Exercise details -> The line containing "on Lake Michigan" marks the end; write out exactly every line from the start of the data up to and including it, without the pictures.

Provided material ->
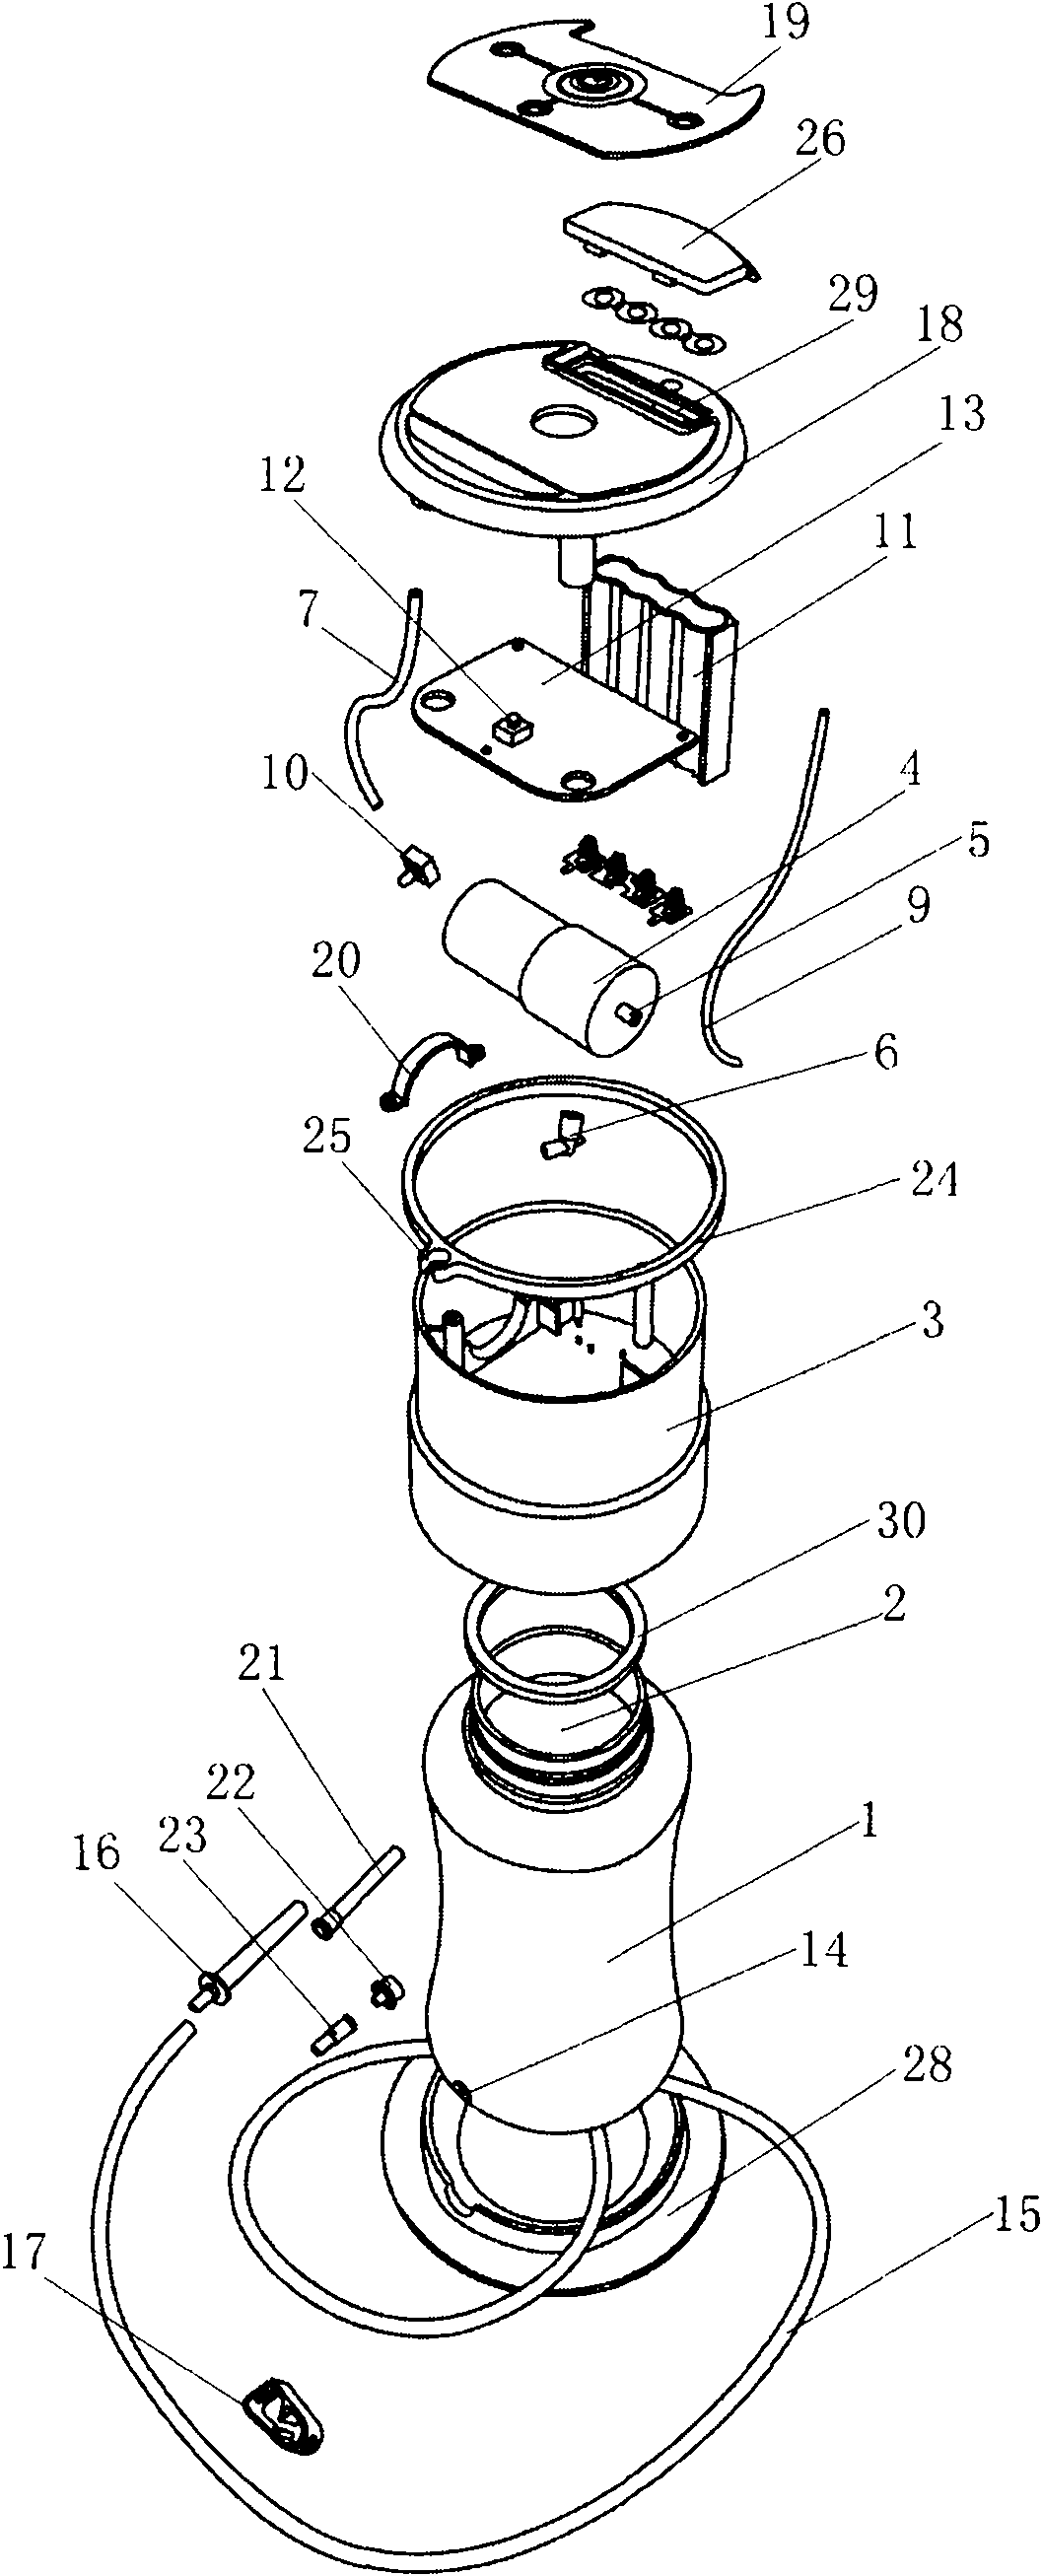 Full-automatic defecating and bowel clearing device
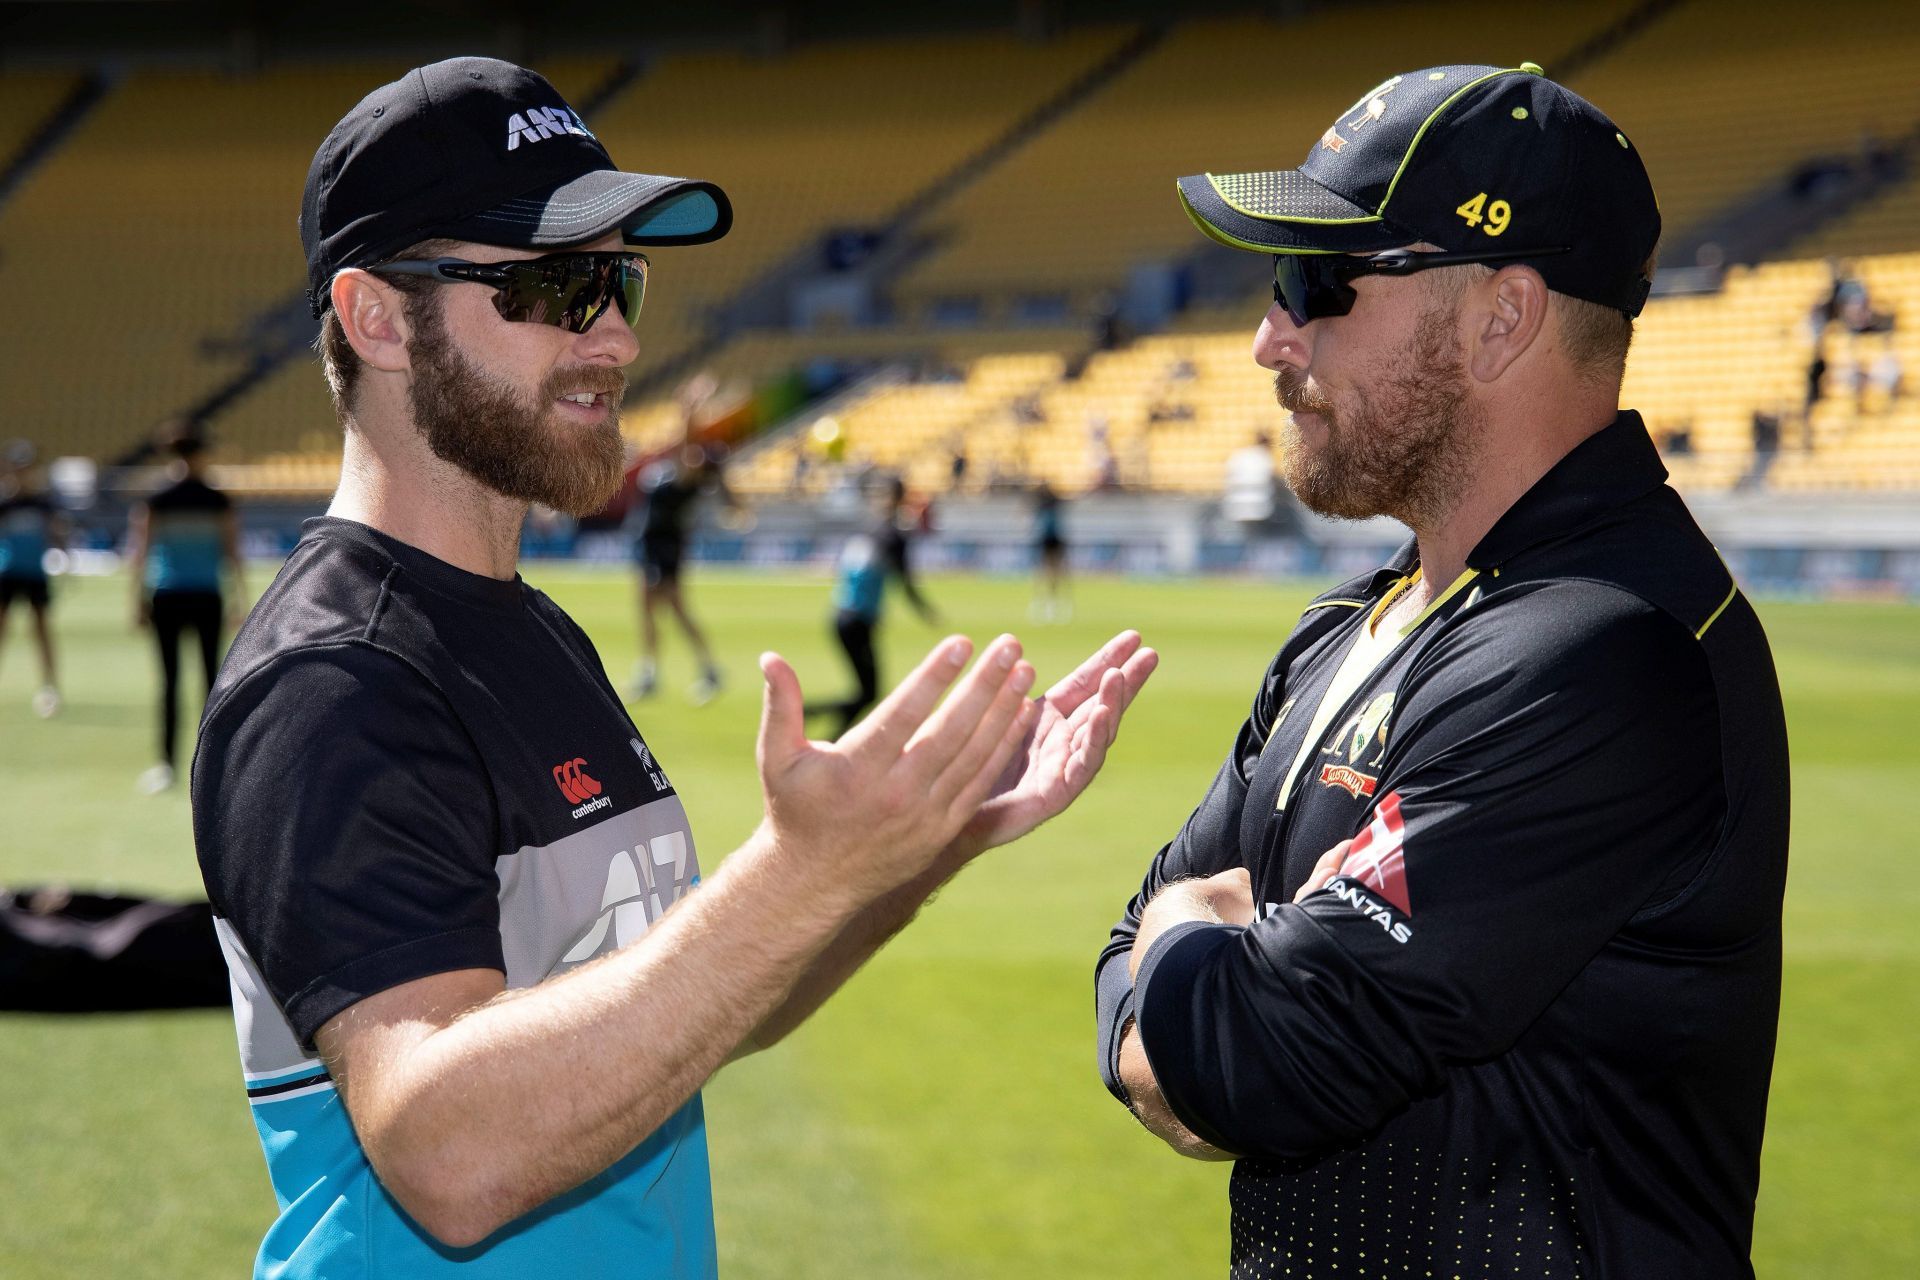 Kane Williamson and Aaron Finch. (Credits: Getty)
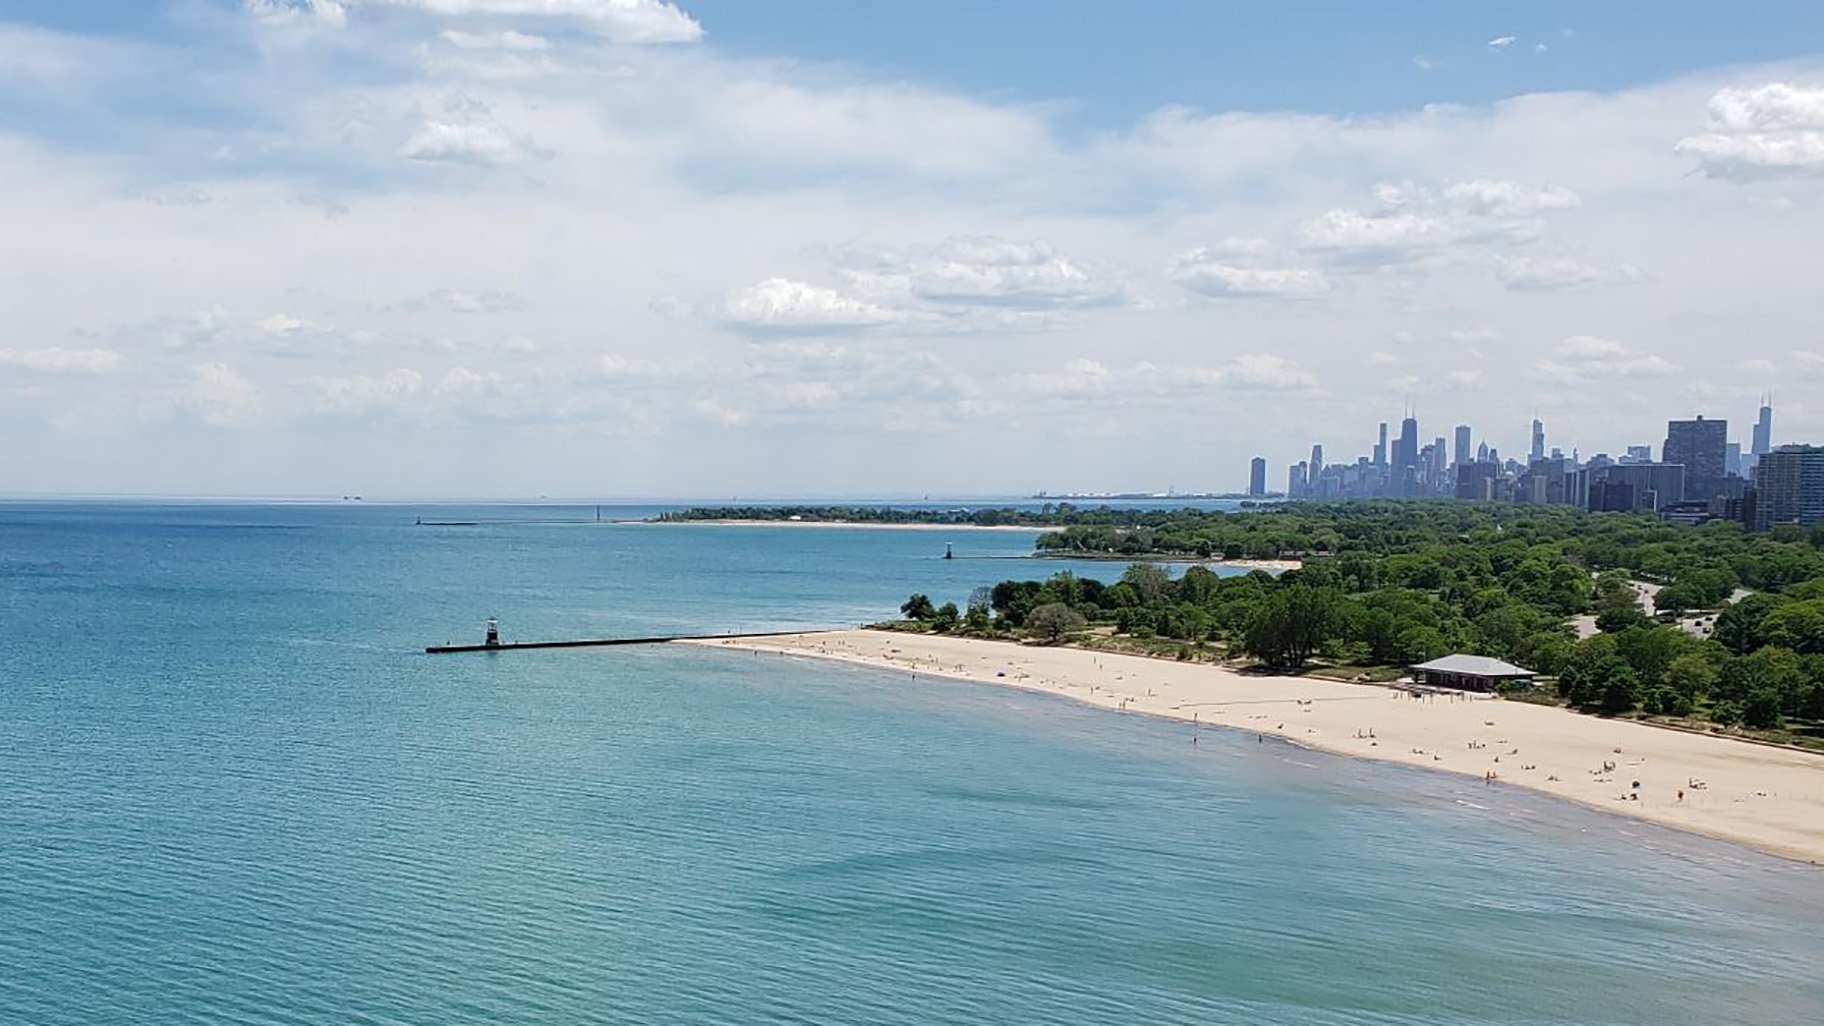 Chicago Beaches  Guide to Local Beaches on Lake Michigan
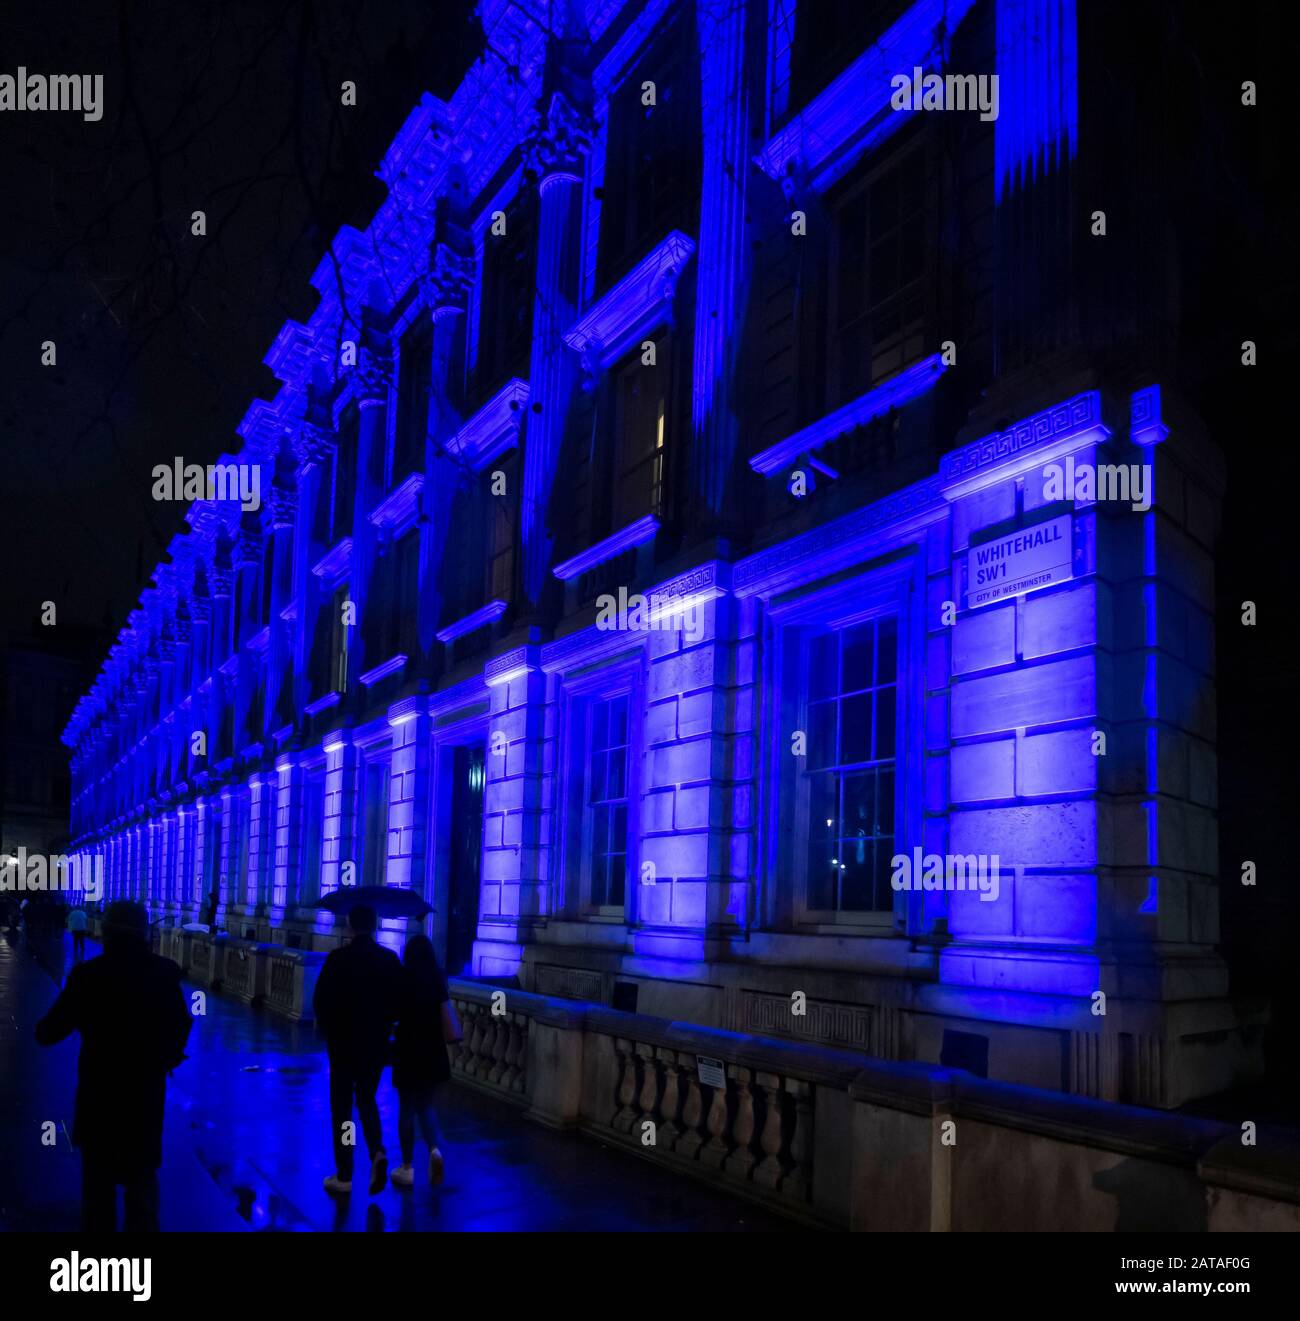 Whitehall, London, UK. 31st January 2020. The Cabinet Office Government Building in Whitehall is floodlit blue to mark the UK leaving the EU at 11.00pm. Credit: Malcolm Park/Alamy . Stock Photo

Response area ->
 Full-automatic defecating and bowel clearing device
 Kane Williamson and Aaron Finch. (Credits: Getty)
 Chicago Beaches  Guide to Local Beaches on Lake Michigan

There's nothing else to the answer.